How to complete this task → Since the pictures are not wanted, retype the listing below exactly and without them.

Data block →
|---|
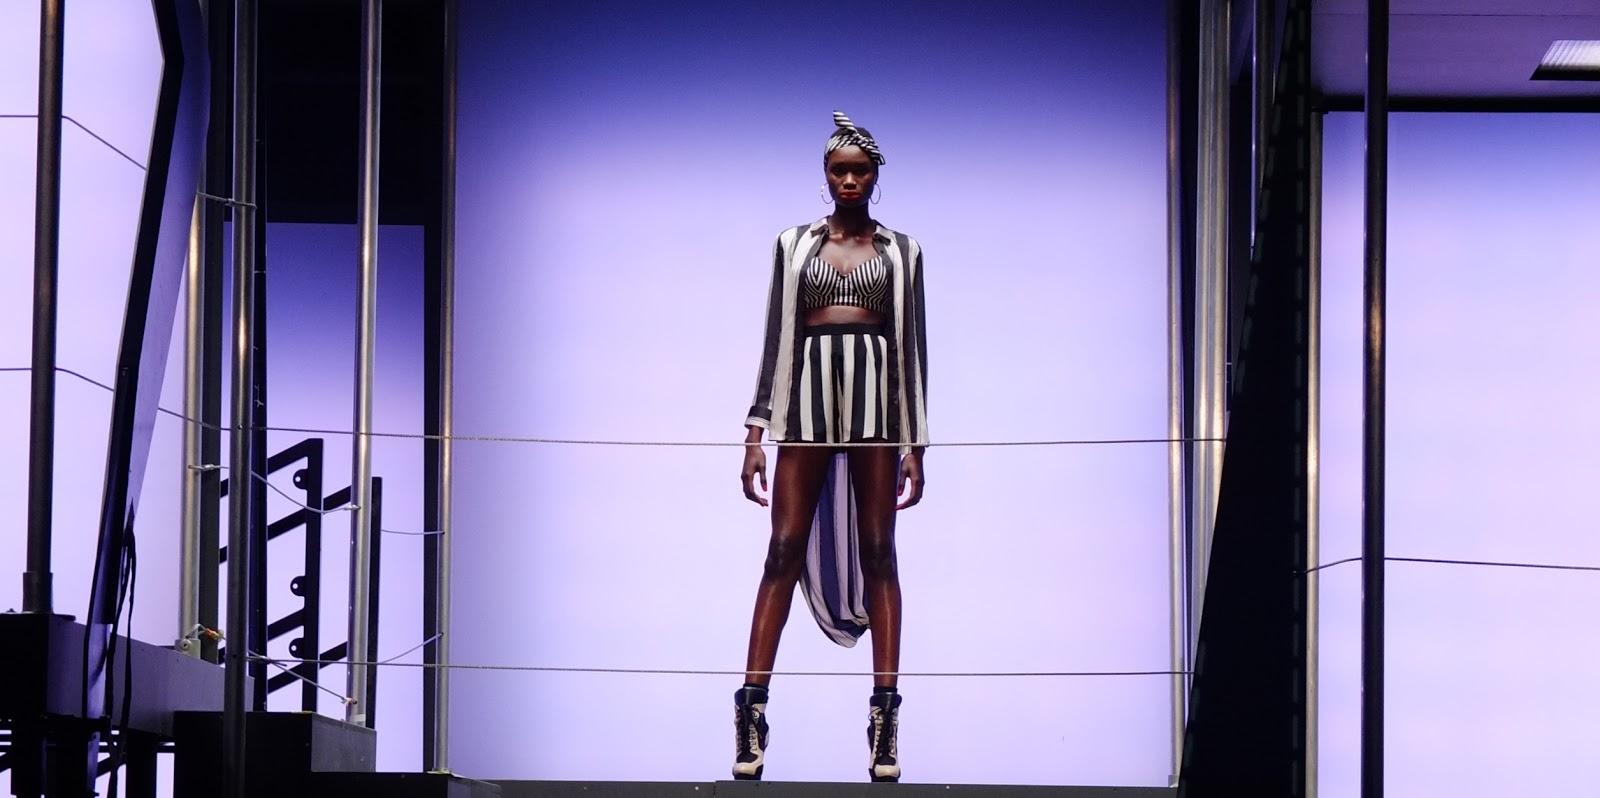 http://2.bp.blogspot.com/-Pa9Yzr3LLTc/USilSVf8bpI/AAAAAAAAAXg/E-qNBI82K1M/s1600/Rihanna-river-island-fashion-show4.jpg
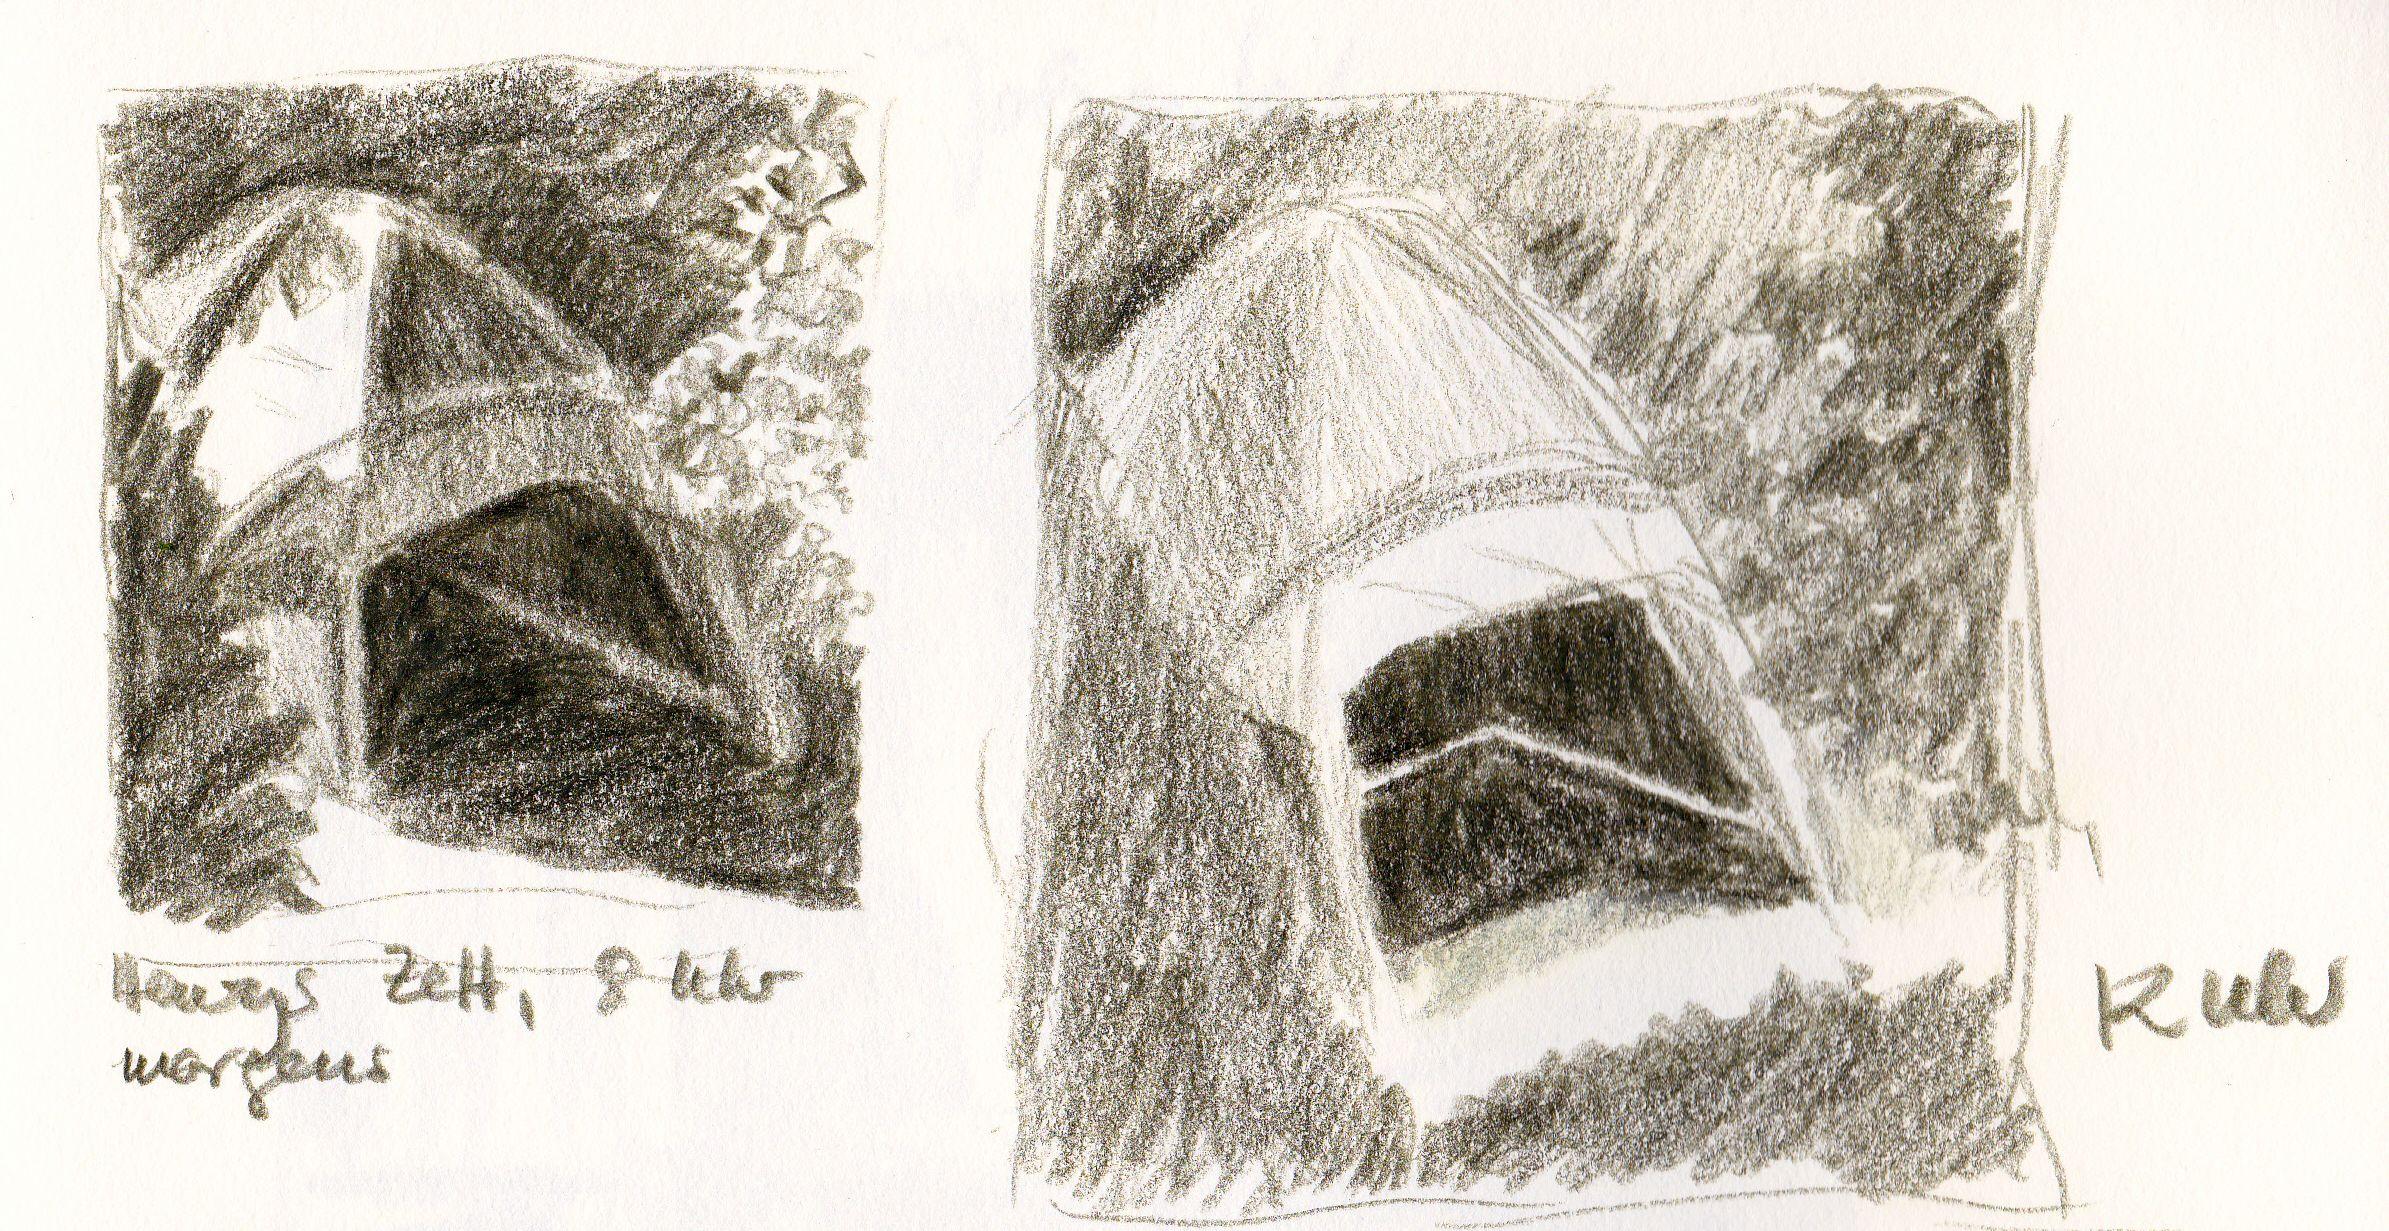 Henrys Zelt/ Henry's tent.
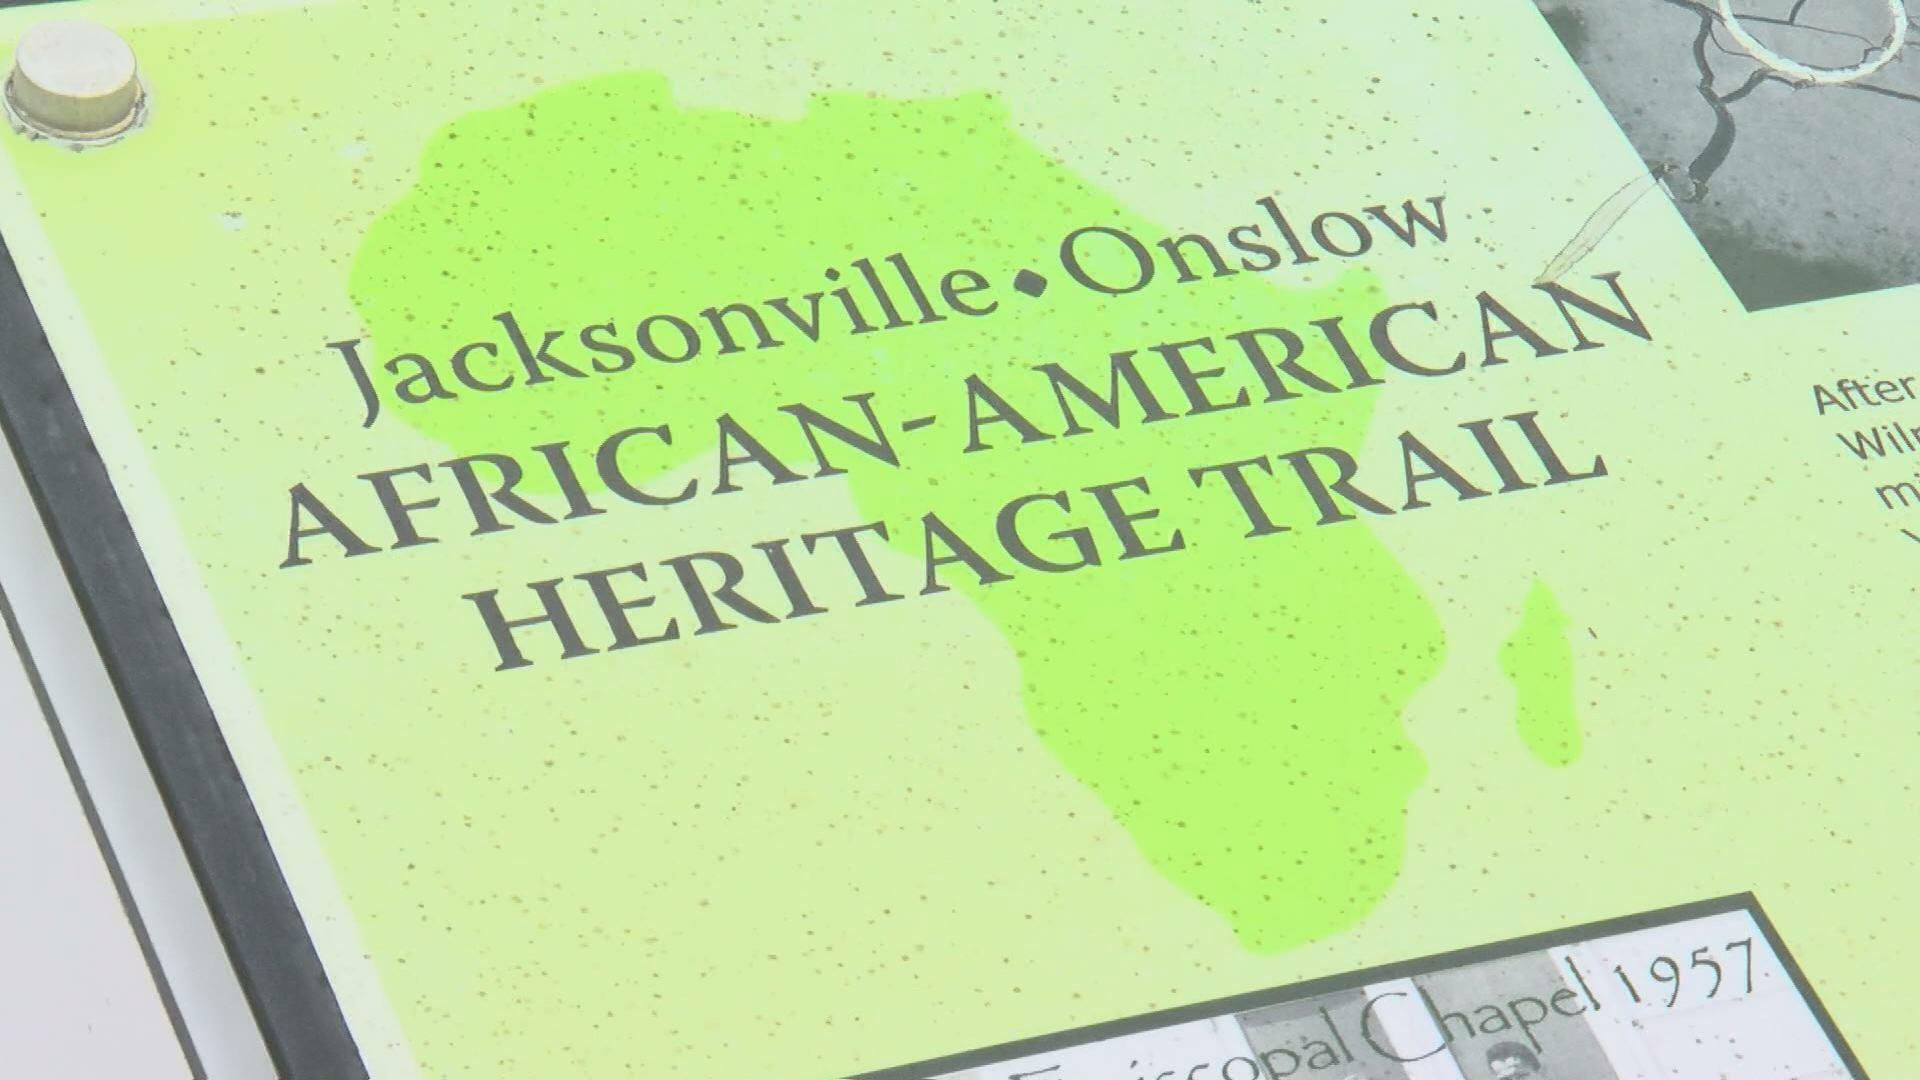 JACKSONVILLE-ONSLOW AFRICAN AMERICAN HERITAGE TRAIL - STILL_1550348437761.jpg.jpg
|---|
Solution for this exercise →
 http://2.bp.blogspot.com/-Pa9Yzr3LLTc/USilSVf8bpI/AAAAAAAAAXg/E-qNBI82K1M/s1600/Rihanna-river-island-fashion-show4.jpg
 Henrys Zelt/ Henry's tent.
 JACKSONVILLE-ONSLOW AFRICAN AMERICAN HERITAGE TRAIL - STILL_1550348437761.jpg.jpg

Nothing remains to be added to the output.